Los Angeles' mayor is pushing for a minimum wage of $13.25, which would significantly benefit at least 40 percent of the work force, The Huffington Post reported.

Mayor Eric Garcetti is circulating a proposal to raise the minimum wage to $13.25 by 2017, after which further raises would depend on inflation, Bloomberg reported, citing the Los Angeles Times.

If the proposal passes, it would not be the first in California, and LA would join other cities in the state that have relied on pay raises at the local level to help the local workforce.

Bloomberg reported that San Francisco was the first in the country to raise the wages locally to $8.50 in 2003 and in 2012 San Jose increased the minimum to $10.

The state legislature has also approved an increase to $9, which went into effect in July, and pre-emptively approved a raise to $10 in 2016.

The proposed minimum wage raise in Los Angeles would help poverty decline by 4 percent, The Huffington Post reported, based on information from think-tank Center for American Progress.

"The city's combination of low wage levels and high living costs -- 27 percent above the national average -- means that cash-strapped families will immediately spend that extra income, increasing revenues for local businesses," Rachel West, senior policy analyst at CAP, told the Huffington Post.
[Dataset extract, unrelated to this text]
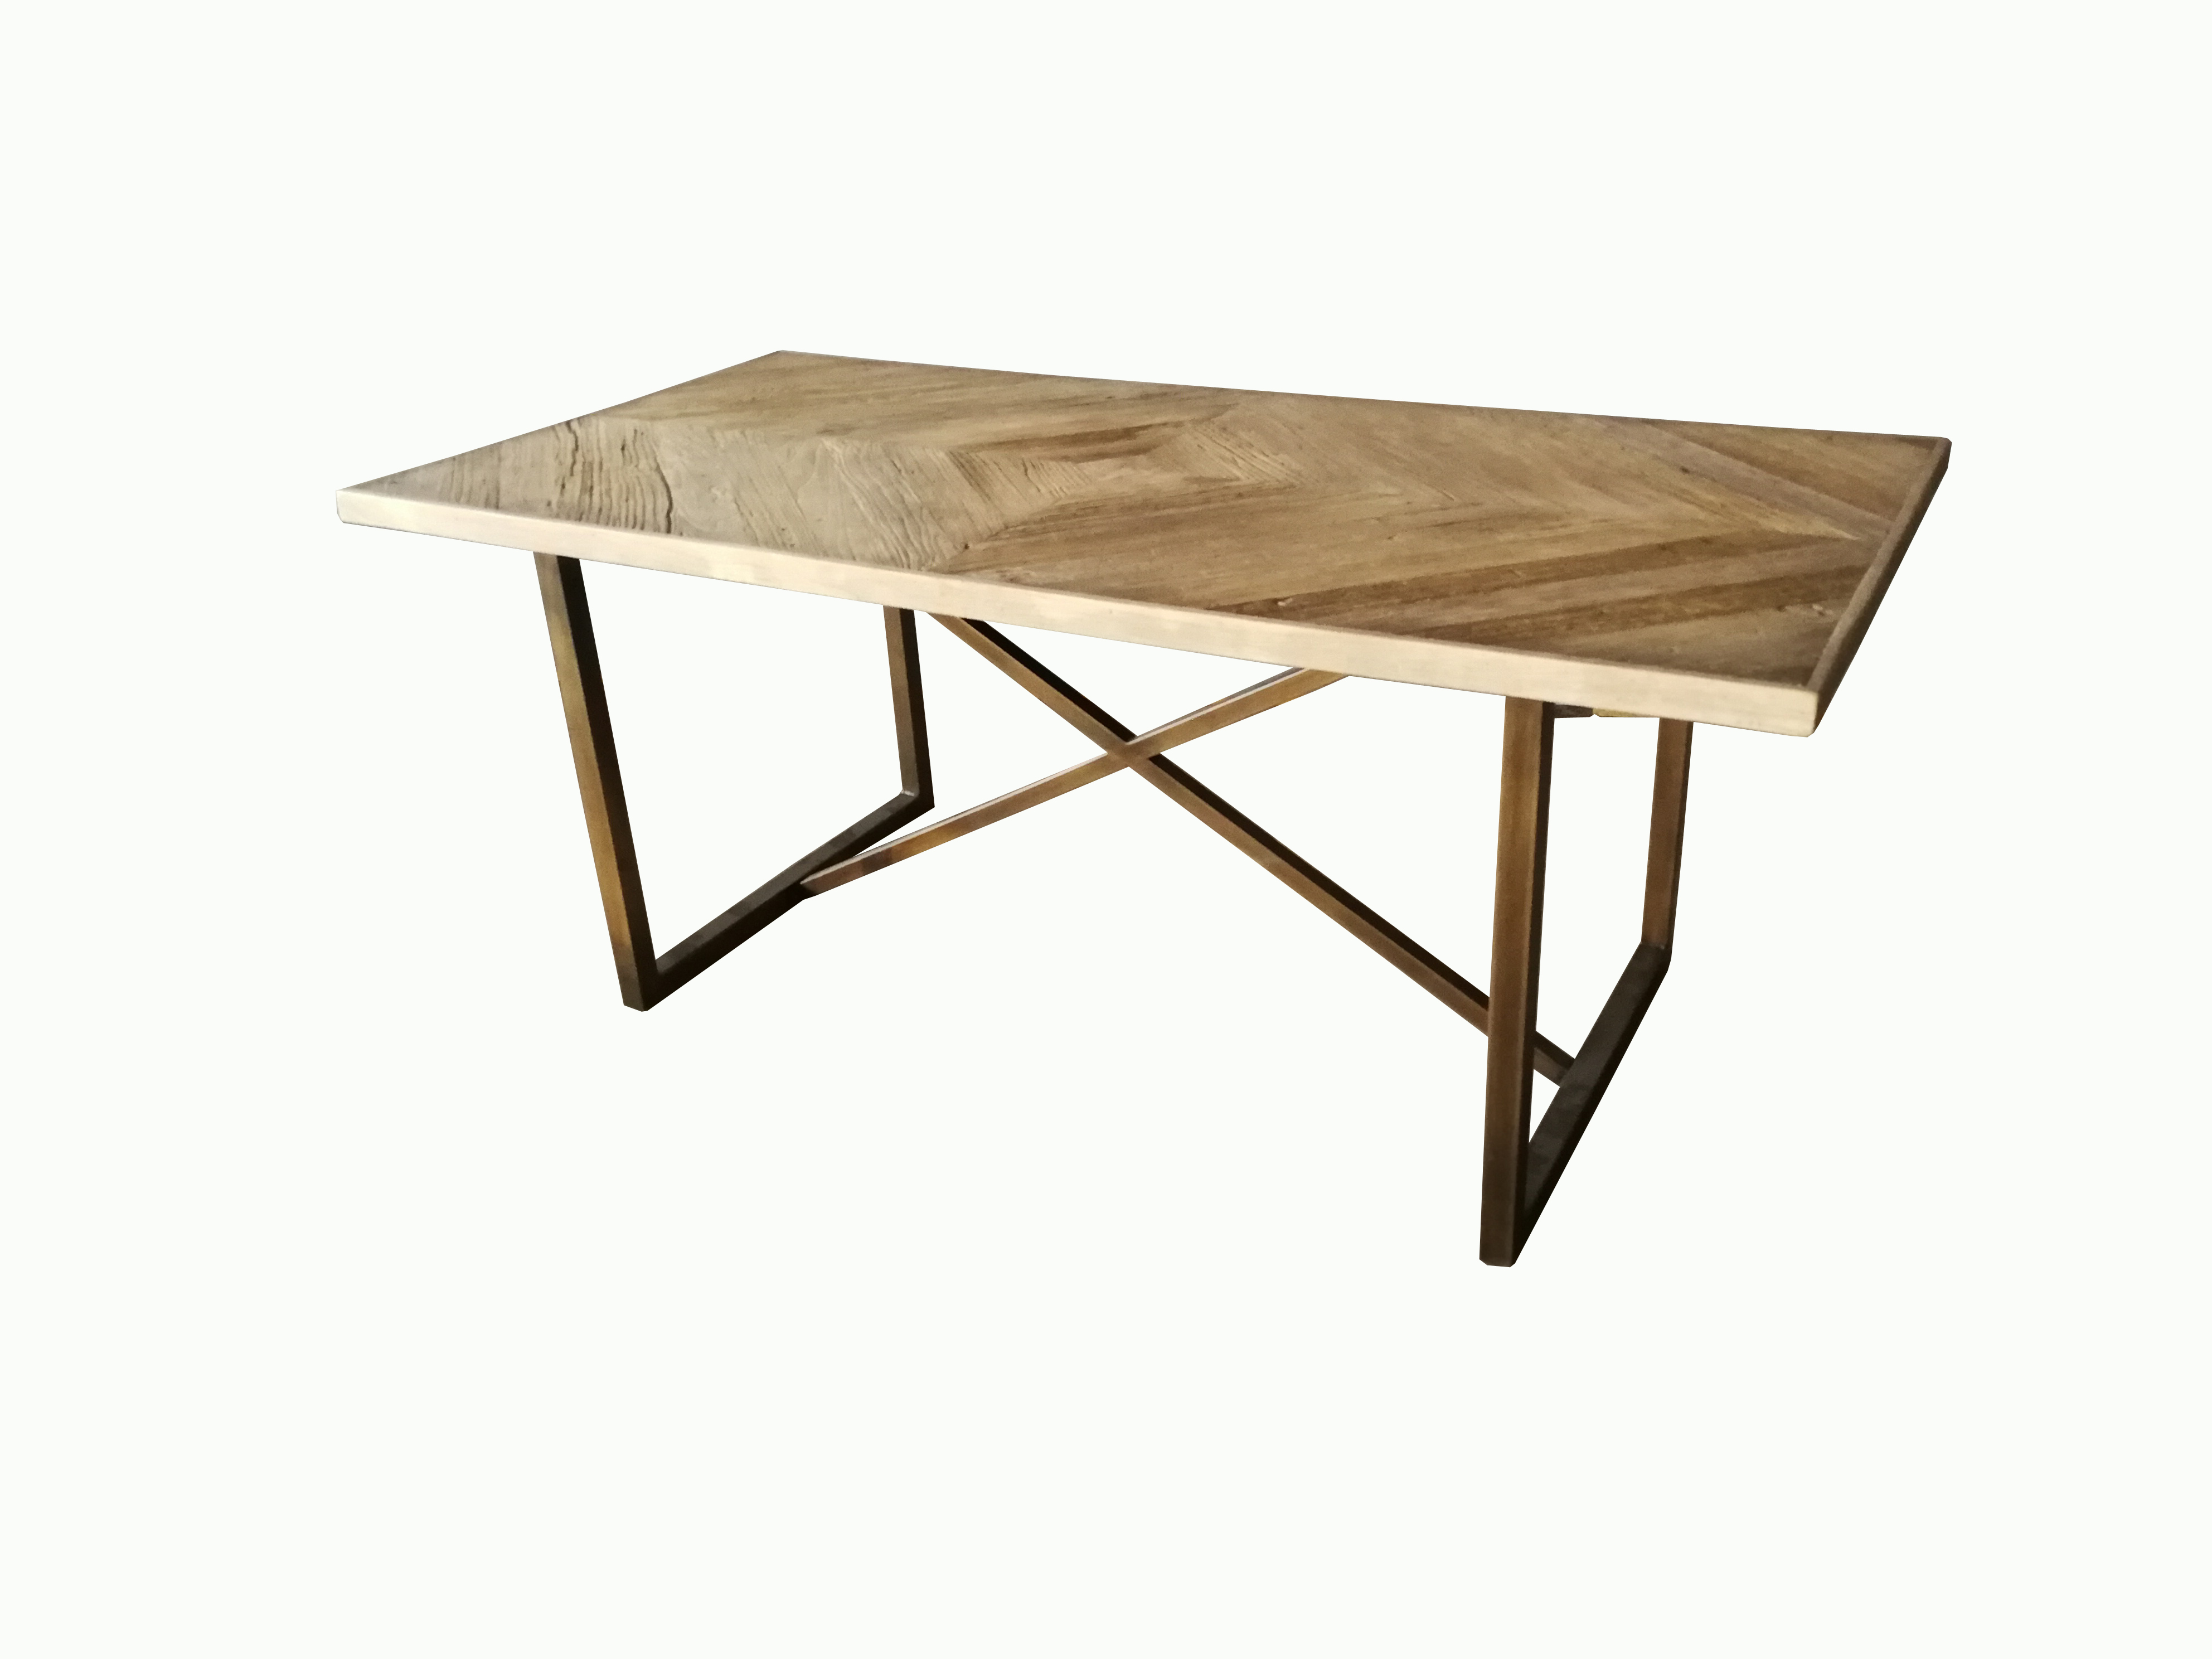 MD16-06--Iron dining table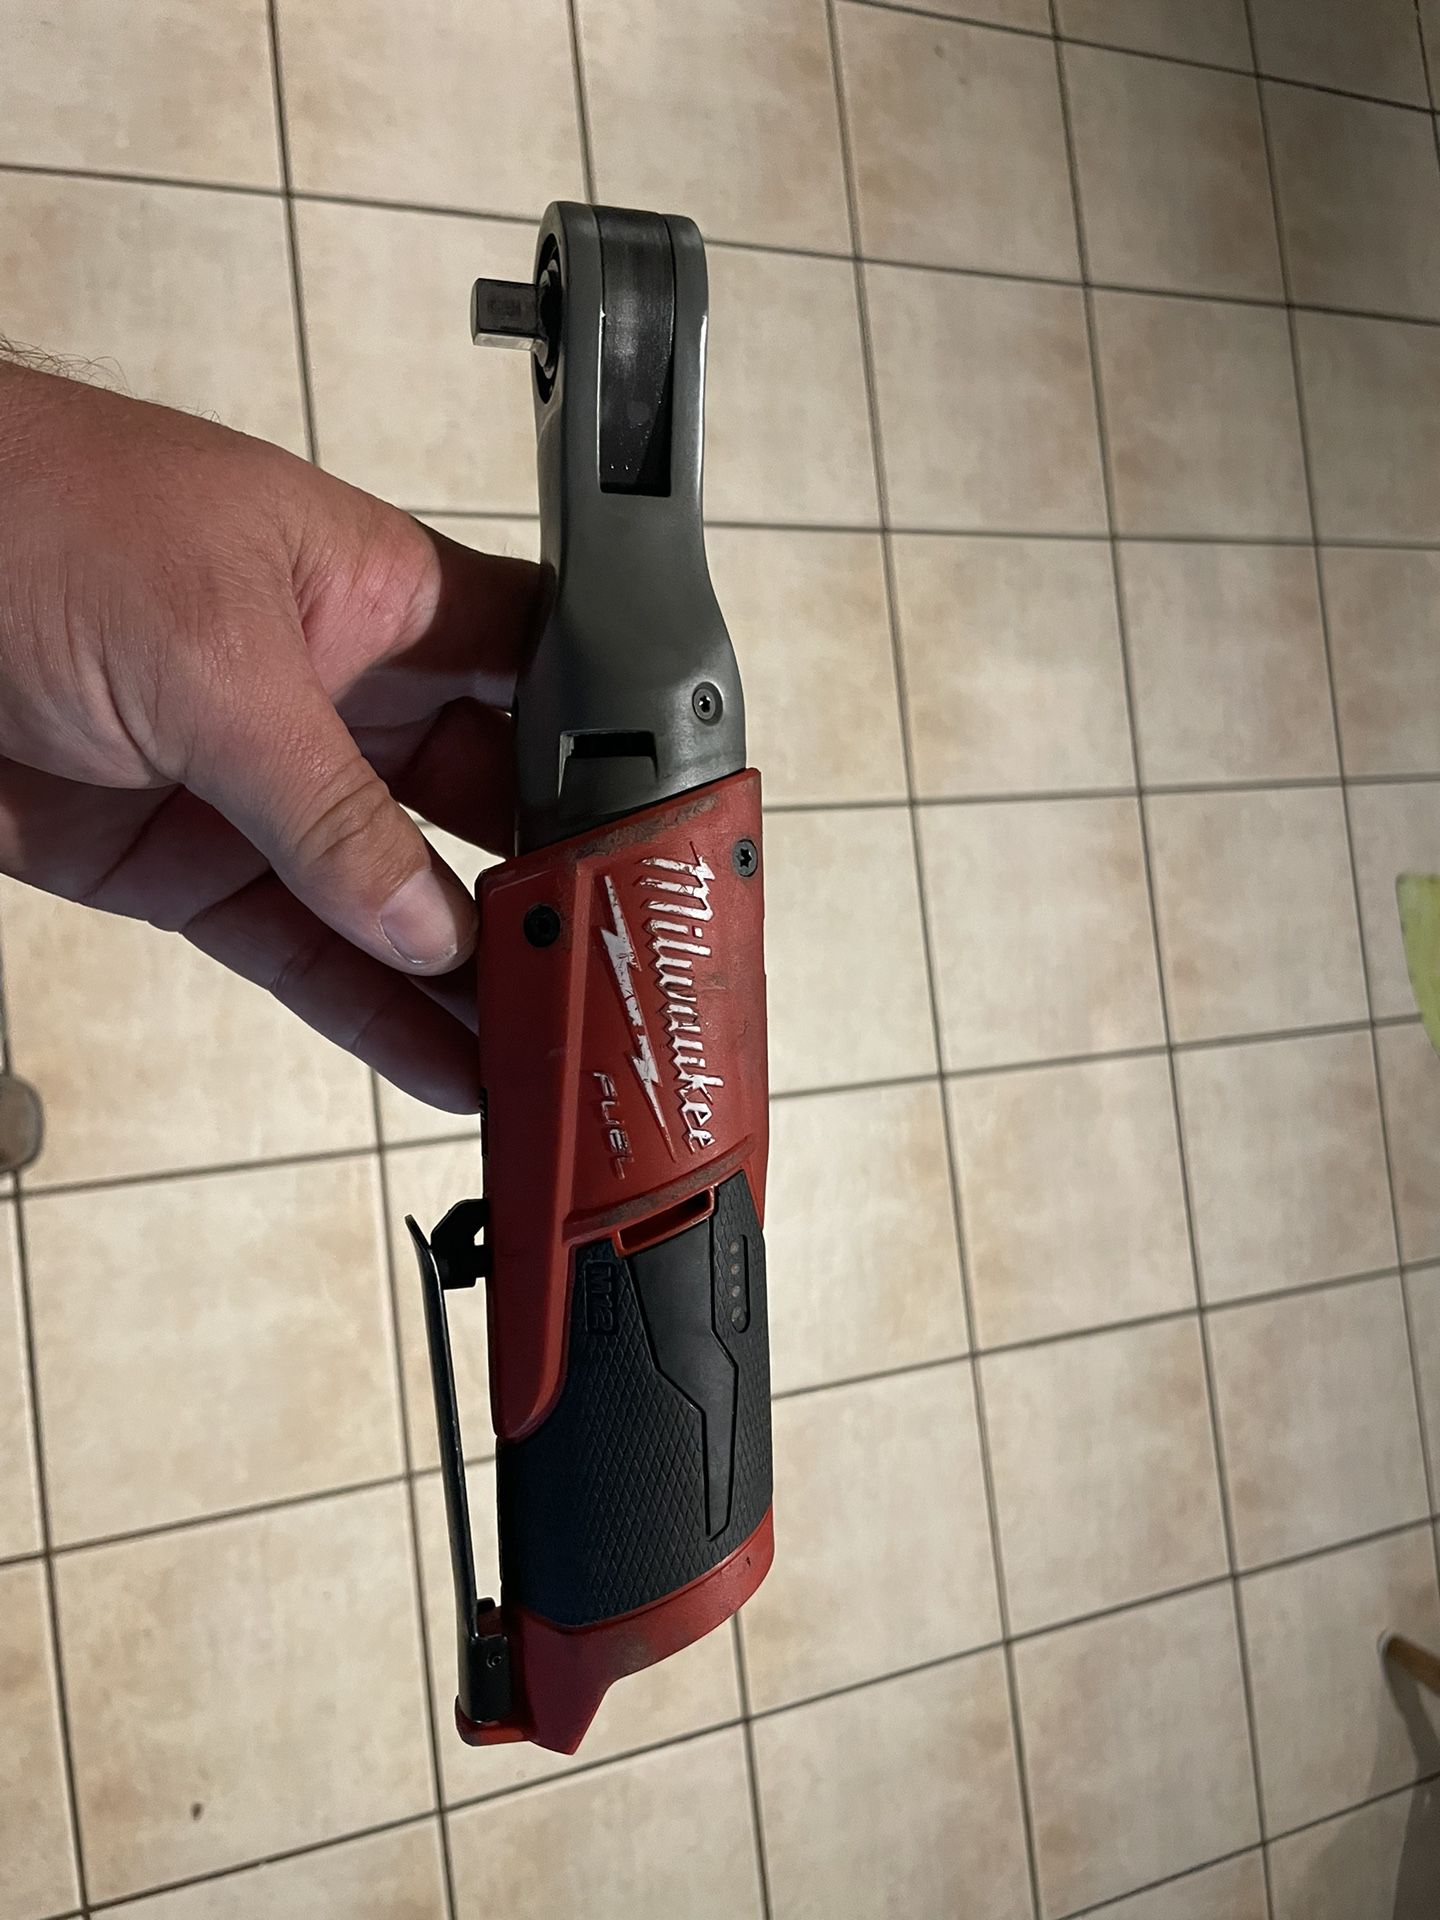 Milwaukee 12 V fuel 3/8” ratchet tool only used works great $120 firm in n Lakeland

The raise would affect more than half a million residents but received a mixed review by the business leaders.

"If Los Angeles is to maintain our standing as a world-class city, we need to increase the minimum wage," billionaire businessman Eli Broad said in a statement, reported the Huffington Post. "Raising the minimum wage would help lift people out of poverty and stimulate our local economy."

But others warn that it could lead to businesses closing and forcing an increase in unemployment, or for wage earners to get greedy and push for a $15 wage.